Consumers are advised to spend wisely-Searchlight

2021-12-13 13:48:30 By : Ms. Jane Wang

In February of this year, businessman Leonet Anderson stated that the COVID-19 pandemic is pushing up manufacturing and transportation costs, and consumers should be prepared for price increases. Anderson, the owner of General Hardware Supplies in Arnos Valley, still holds this view, but said on Wednesday this week that the problem is bigger than he expected.  

"I want to say that what is happening now is far beyond what I expected in February," Anderson said on Wednesday's "News Room" show hosted by Chanolde Munroe.  

Anderson and Professor Justin Robinson, Senior Lecturer in Management and Dean of the School of Social Sciences at the University of the West Indies (UWI), are members of the group; and Dr. Jules Ferdinand of the OSV Group.  

The program, a product of Interactive Media Limited, discussed the disruption of the global supply chain and its impact on the cost of living of companies and Saint Vincent and the Grenadines (SVG).  

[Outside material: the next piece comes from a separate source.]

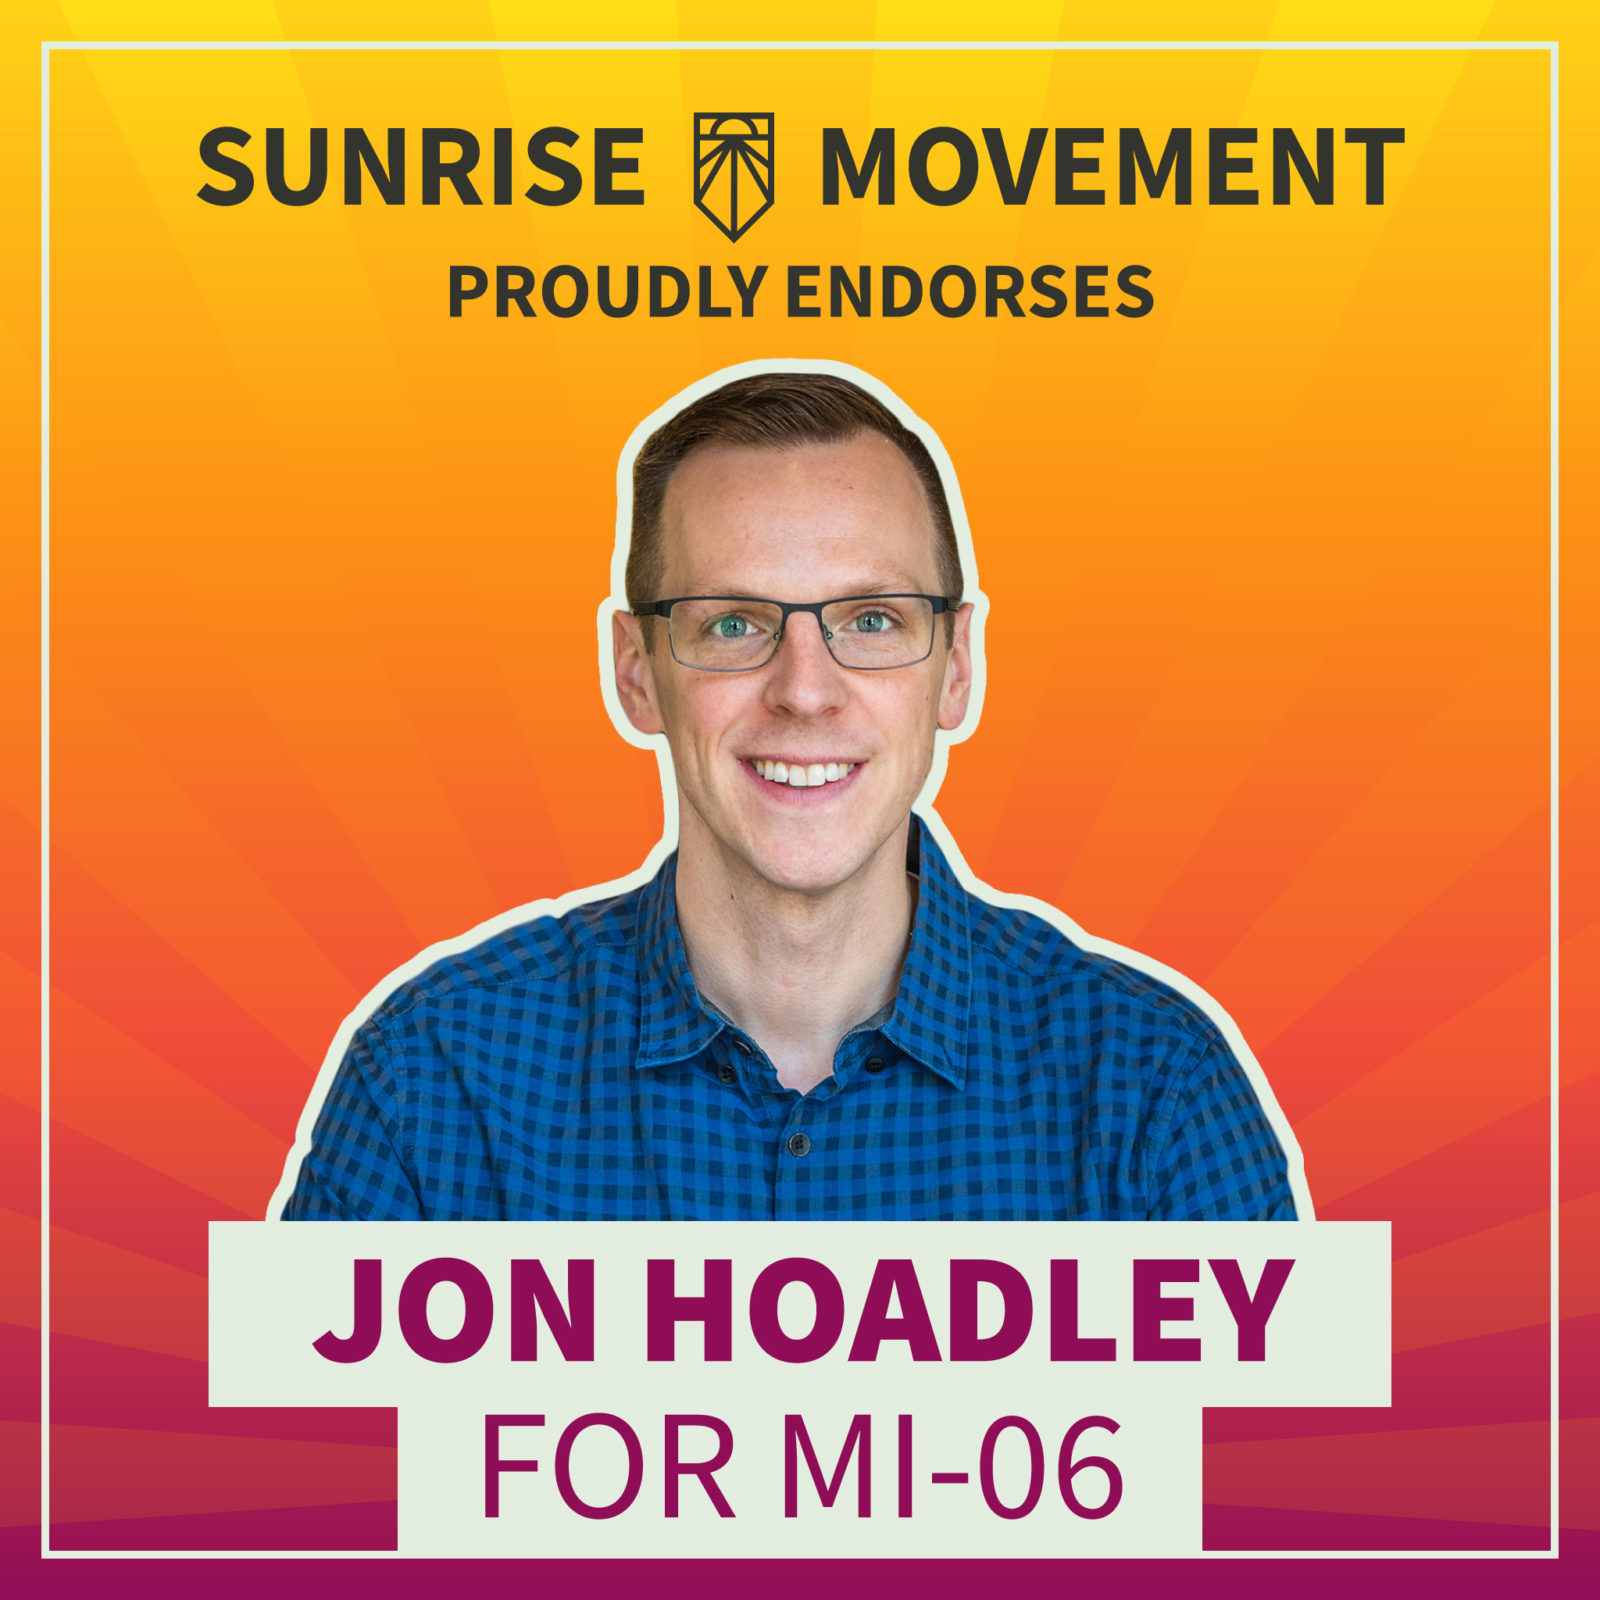 Una foto de Jon Hoadley con texto: Sunrise Movement respalda con orgullo a Jon Hoadley para MI-06.

Anderson said that when he raised price increases and shipping issues in February, it was mainly because he got feedback from suppliers in the United States (US), who said it was because of COVID-19 and that many people were unemployed.  

Anderson said that at the time someone told him that when someone tested positive for COVID-19 in the factory, the entire production facility was closed, must be disinfected and restarted, so the factory was losing a lot of time and workers.  

"Initially due to low production, there was a shortage of goods, but now, especially goods from Eastern countries and Brazil... These prices have more or less doubled, and the supplier’s report and feedback is that there will be no Any progress now, this may continue until the end of 2022," Anderson said.  

He said that it takes three times as long to deliver the goods, and the freight has tripled. 

Professor Justin Robinson said that the global supply chain has been disrupted, and one of the problems is the shortage of containers. 

An online report stated that Chinese ports continue to export large quantities of containerized goods, but almost no imports, which means that containers are only returned in small quantities.  

Professor Robinson said that he believes this is a problem and pointed out that global supply chains are important to island countries, because goods that cannot be produced domestically must be entered by ship or plane.  

He said this means that small island countries like Saint Vincent and the Grenadines (SVG) are vulnerable to attacks during the outage, and the quantity of any cargo is not sufficient to justify special transportation arrangements; in addition, economical Nature means that many commodities do not have domestic substitutes, so the impact of disruption will be greater.

 However, Anderson accused the rise of commodity prices was also driven by something more sinister, that is, large shipping companies' moves to raise prices.  

He said that in some areas, it was about basic supply and demand, but pointed out, “If there is a shortage of workers, why is there a shortage of containers? 

Anderson said that the shortage of workers meant fewer goods were produced, but then people turned around and said that there were not enough containers to carry fewer goods.  

"...As I said, once the goods from the United States and the United Kingdom are produced in these countries, they will not increase or be marginalized..." He pointed out that the charges on smaller international freight routes like Tropical and King Ocean are not steep. Increase, but larger shipping companies that can transport more than 18,000 containers at a time are issuing orders.  

"...You really can't do anything, but it also surpasses COVID.

At the same time, Professor Robinson pointed out that expectations of inflation and price increases have triggered a series of behaviors that will help further push up prices.  

"So you start ordering more orders than usual," and, "When this happens and people stock up, this will increase demand, which will also push up prices."  

Anderson shared that the batch of plywood he ordered in February had arrived last week. He encourages small businesses to purchase goods from the United States and buy in small quantities, because it takes a week for shippers such as Tropical to reach SVG. He also pointed out that people can try to purchase goods in the area, and if they can, local companies can help each other through wholesale sales.     

He also said that business people should consider investing more in fast-developing products.  

"Buy items now and put them on your shelf."

Anderson also believes that people who are currently building houses are experiencing problems due to rising prices, while those who borrowed $300,000 to build houses last year will have problems completing that amount and may need to pay an additional $100,000 to complete the structure. .  

He said that some prices have risen by more than 100% and people's spending has decreased, which is not good for everyone.

At the same time, OSV’s Ferdinand pointed out that the extension of time to pick up goods from China and other places is problematic because the company wants to obtain funds in advance, which means you have to take up a lot of cash. 

"So it will take longer before you liquidate these things; it's so complicated in terms of what's happening now and its impact on the business," Ferdinand said.  

He said that looking to the future, companies should focus on goods that increase cash flow, and shoppers should curb spending by buying only the goods they need.